• **Problem details**
The lines to reproduce from the material below are those from the one containing "The Great Ruler Chapter 147.2 page 5" through the one containing "Washington, D.C., USA", both included; write them out exactly and add nothing.

• **Listed entries**

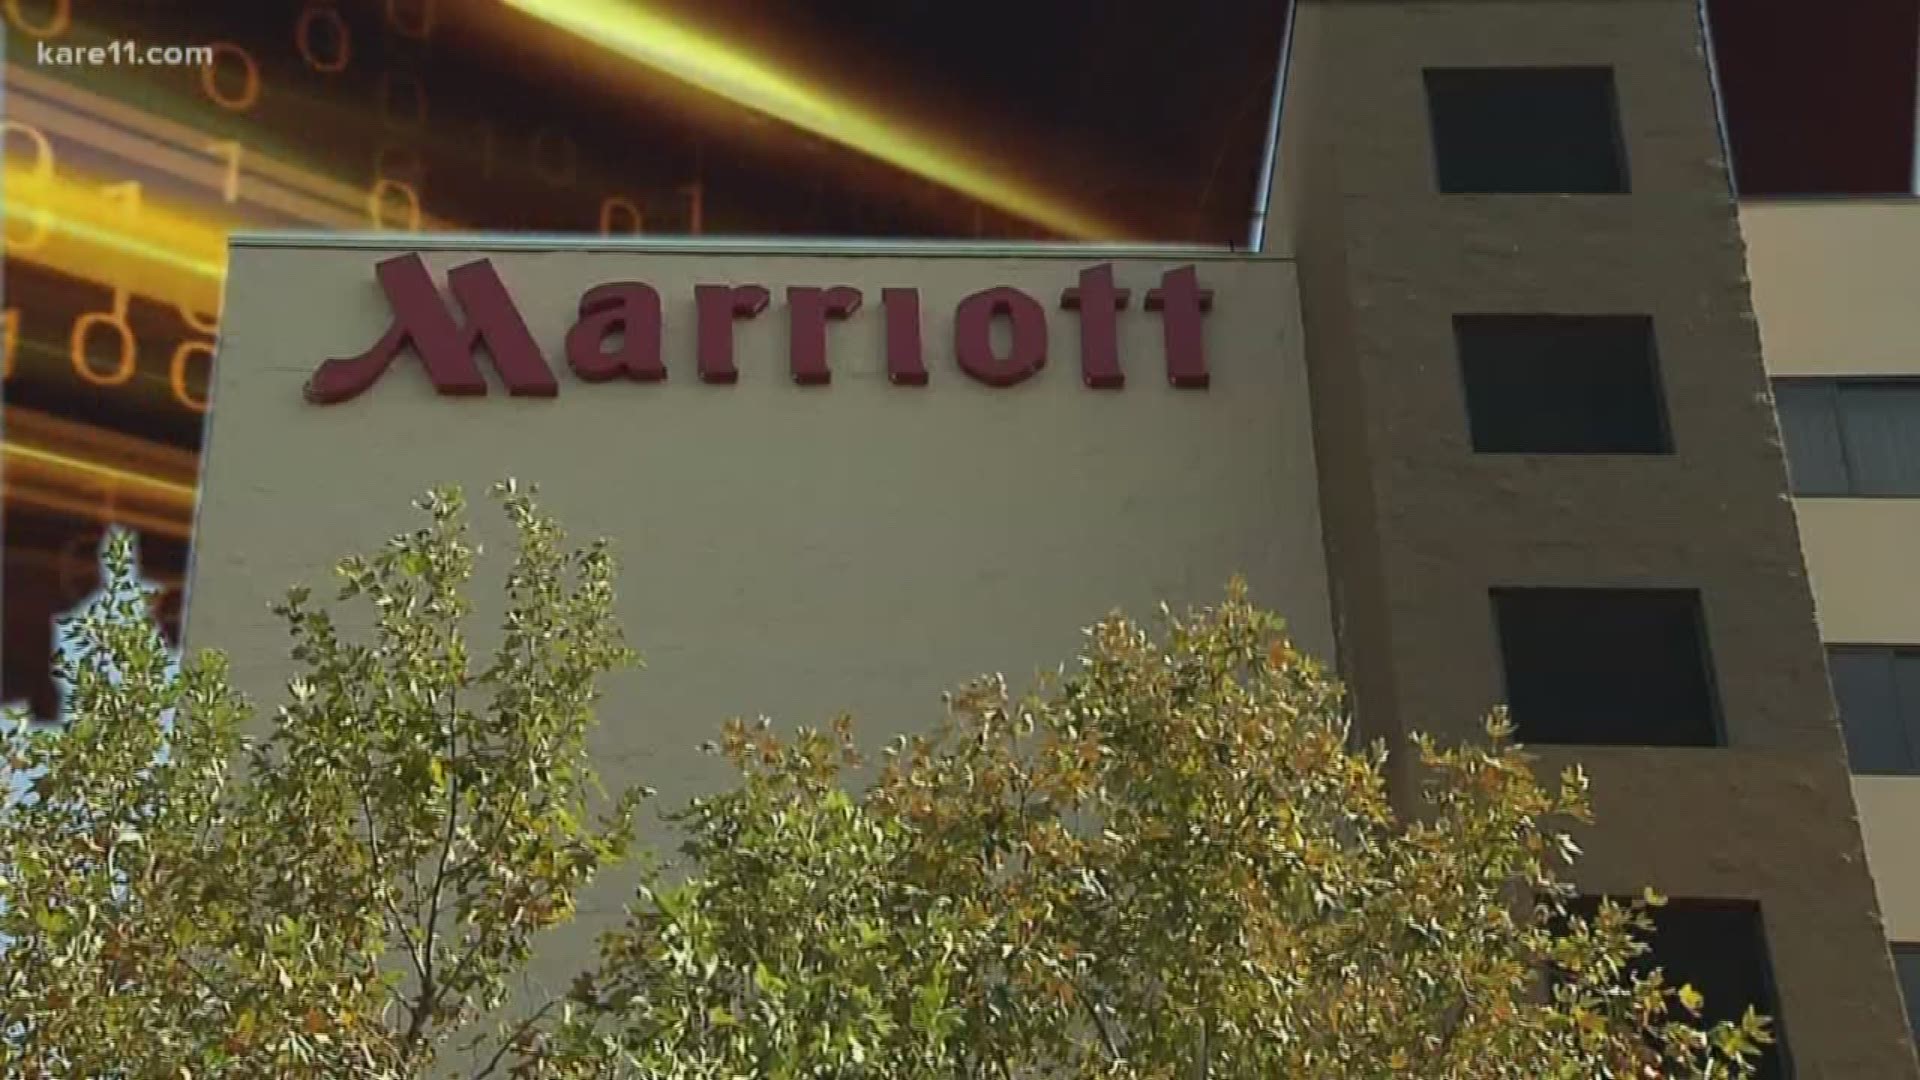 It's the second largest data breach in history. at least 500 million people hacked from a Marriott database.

---

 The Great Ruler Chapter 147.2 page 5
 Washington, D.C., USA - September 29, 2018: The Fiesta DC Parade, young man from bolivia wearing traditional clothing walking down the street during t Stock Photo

• **Exercise solution**
 The Great Ruler Chapter 147.2 page 5
 Washington, D.C., USA - September 29, 2018: The Fiesta DC Parade, young man from bolivia wearing traditional clothing walking down the street during t Stock Photo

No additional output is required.